## Work task
Every line in the data below has to be repeated exactly; no picture belongs in the result.

## The data

[Start of Attachment]

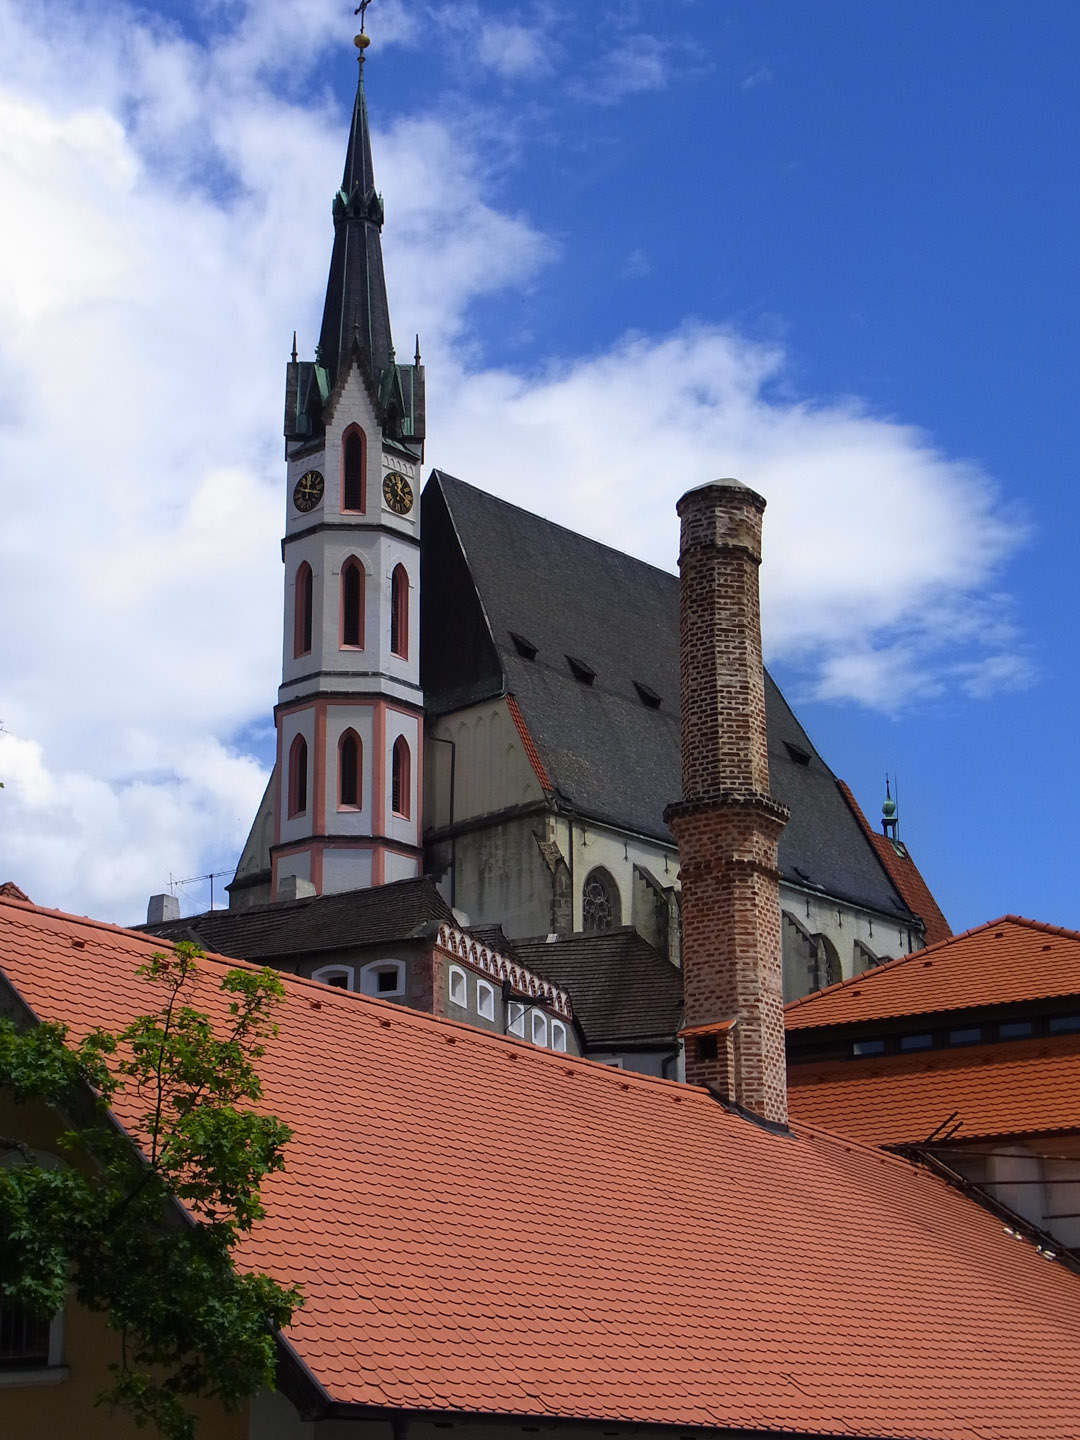 St Vitus Church, Cesky Krumlov
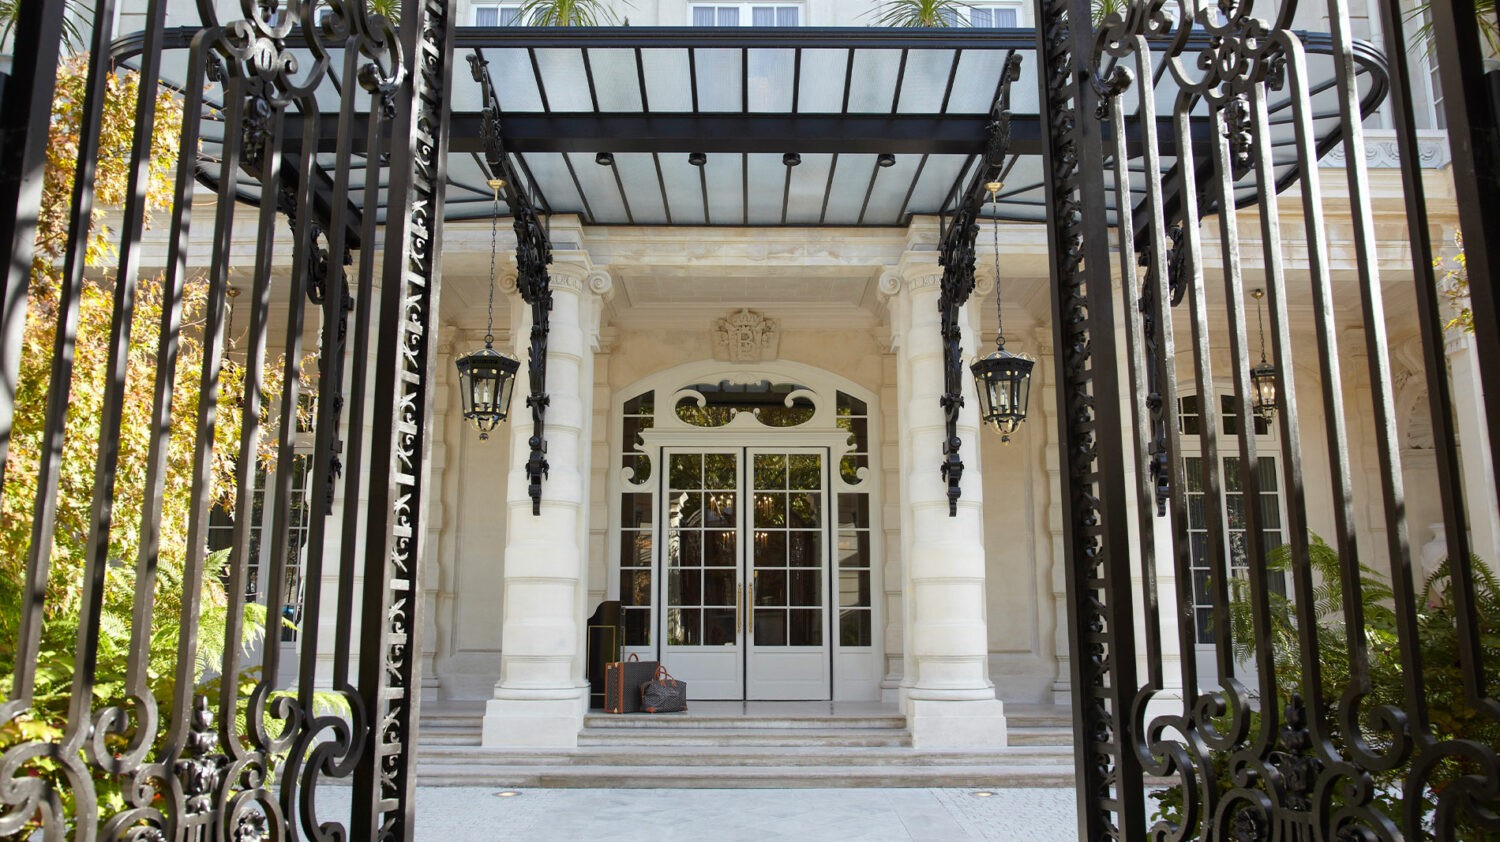 Shangri-La_Hotel-Entrance
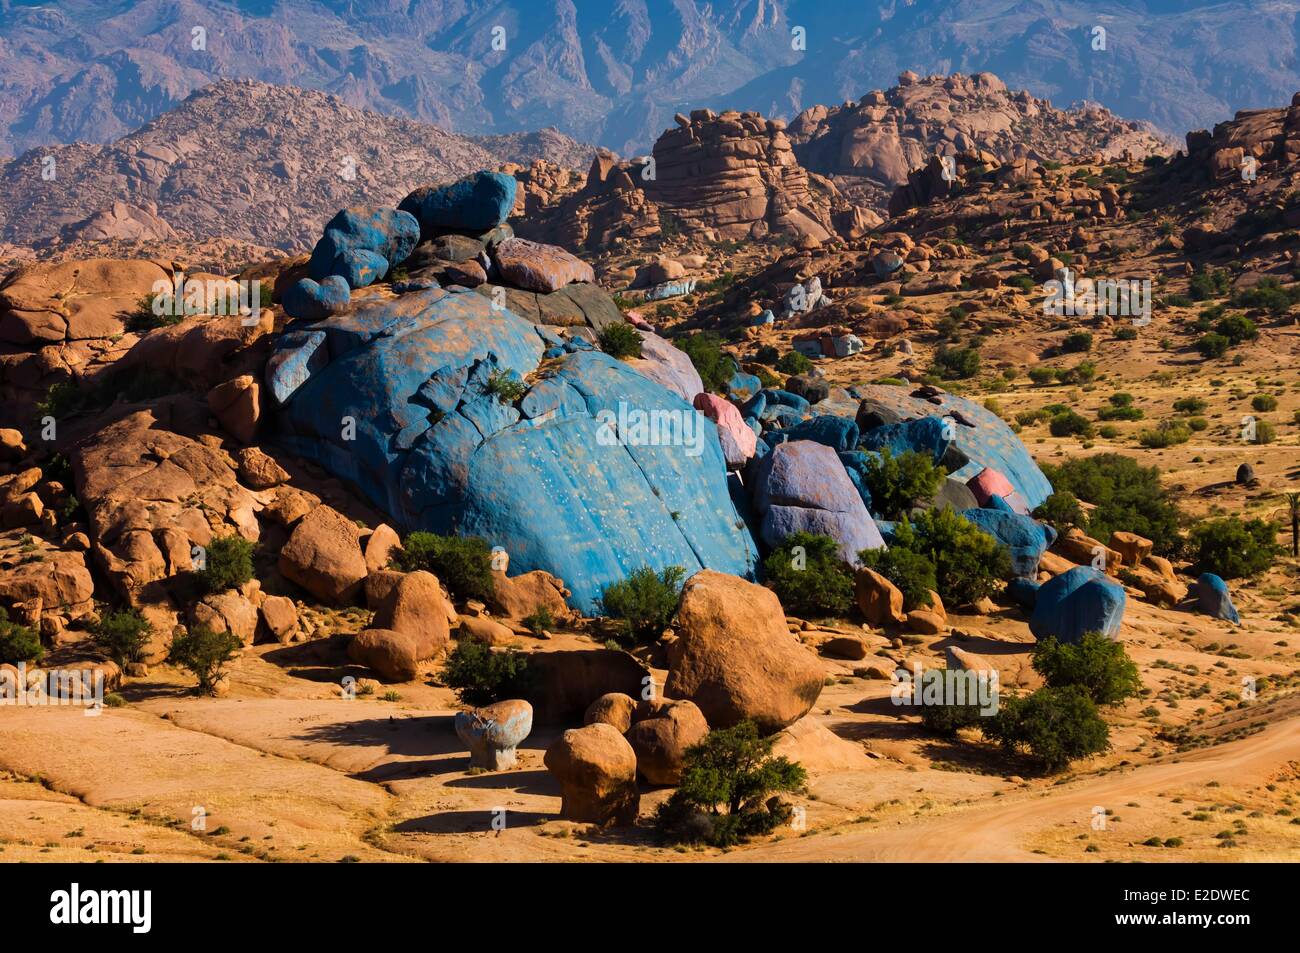 Il Marocco Anti Atlas Tafraoute rocce blu dell'artista Jean Verame nel mezzo del djebel Foto Stock

[End of Attachment]

## Worked solution
 St Vitus Church, Cesky Krumlov
 Shangri-La_Hotel-Entrance
 Il Marocco Anti Atlas Tafraoute rocce blu dell'artista Jean Verame nel mezzo del djebel Foto Stock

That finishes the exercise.